## Directions for this task
Skip all pictures. Set down only the lines starting at the line containing "flatroof, flat roof, insulation, georock" and running to the end of the listing.

## Data block
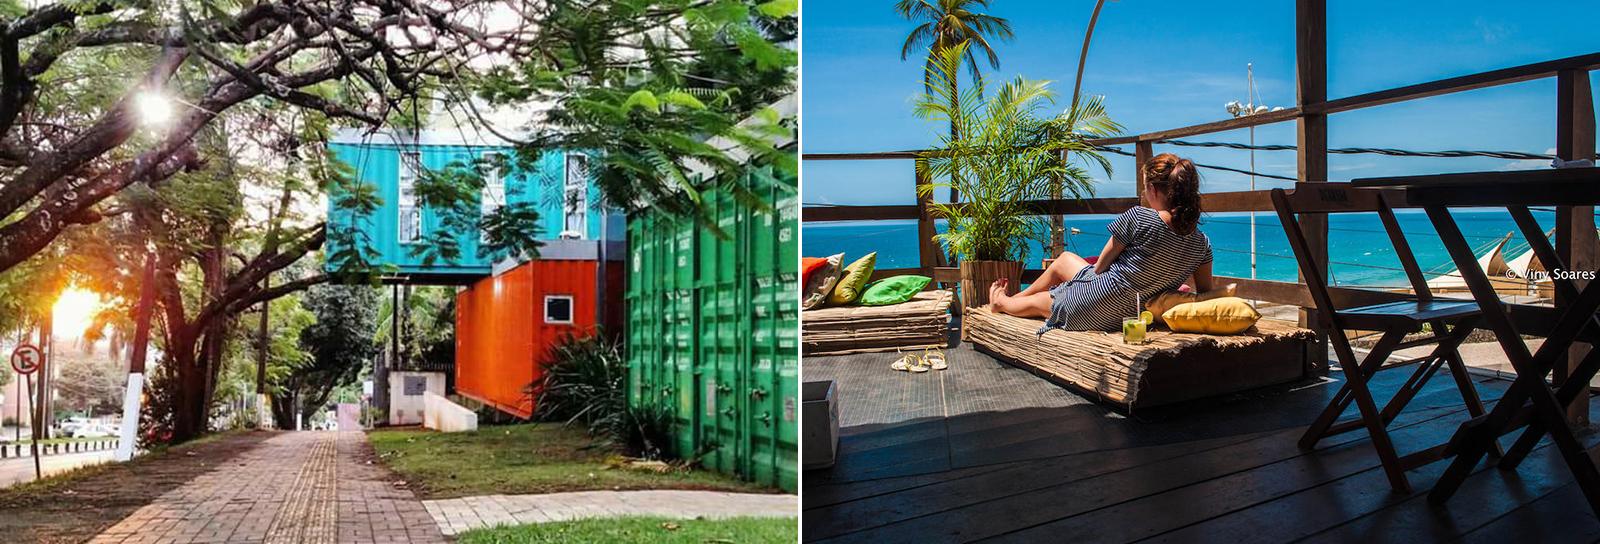 5 hostels descolados para curtir as 5 regiões do Brasil
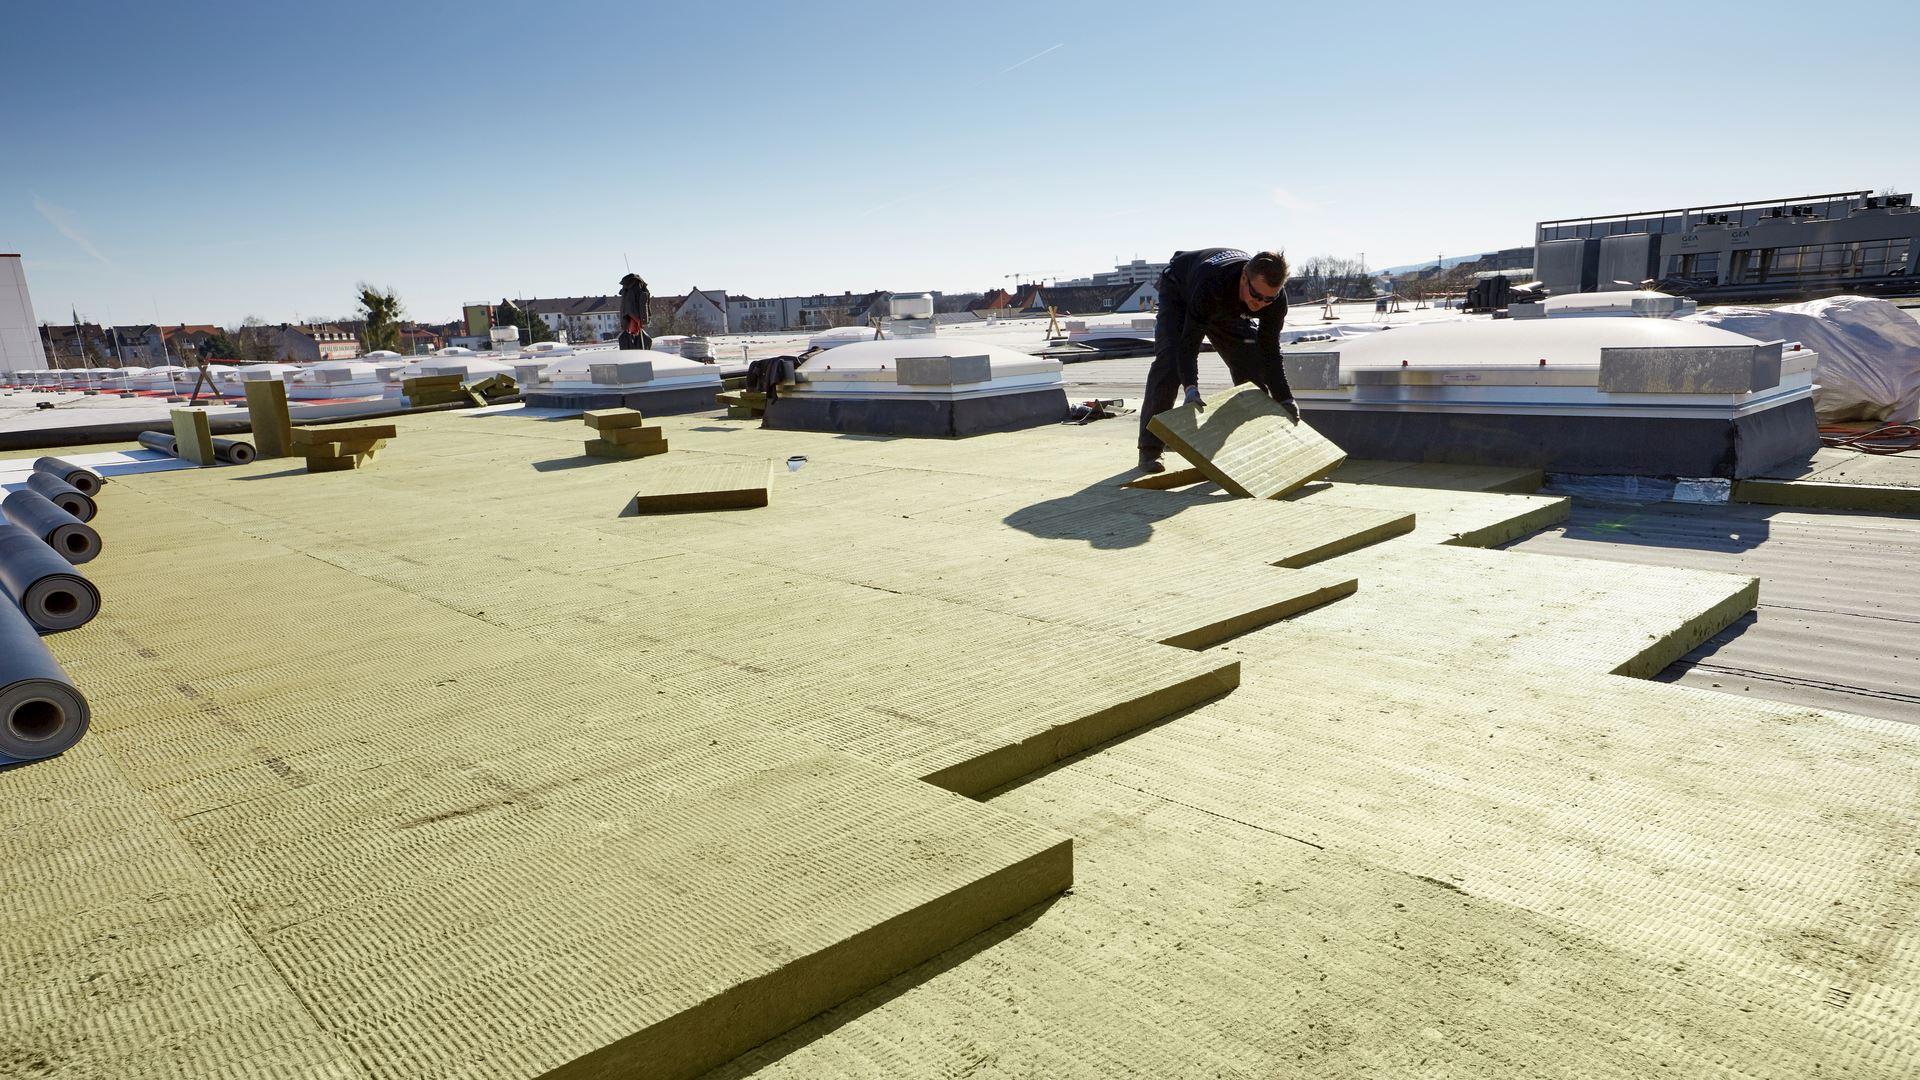 flatroof, flat roof, insulation, georock 038, georock, installation, installer, broschüre dämmung von flachdächern, germany, RO-2018-0019
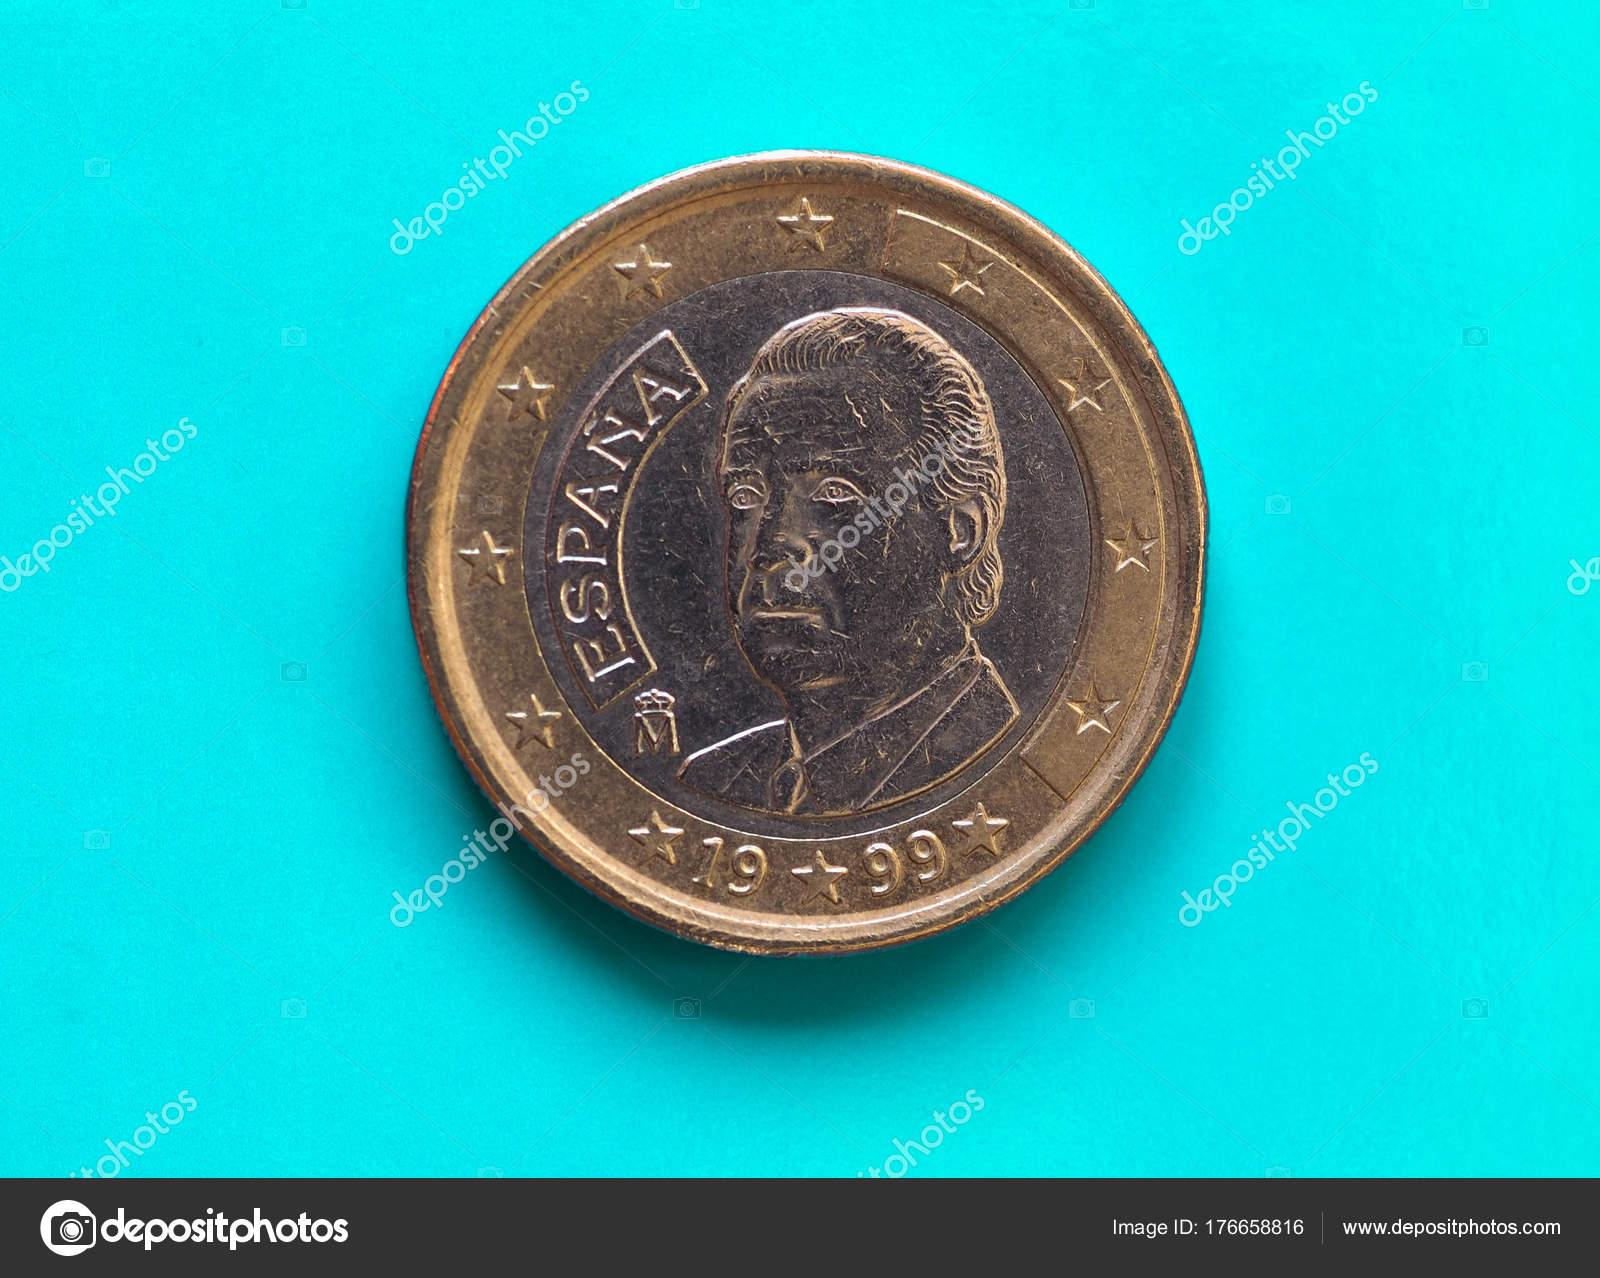 1 Euro Münze Europäische Union Spanien über Grün Blau Stockfoto

## Reply
 flatroof, flat roof, insulation, georock 038, georock, installation, installer, broschüre dämmung von flachdächern, germany, RO-2018-0019
 1 Euro Münze Europäische Union Spanien über Grün Blau Stockfoto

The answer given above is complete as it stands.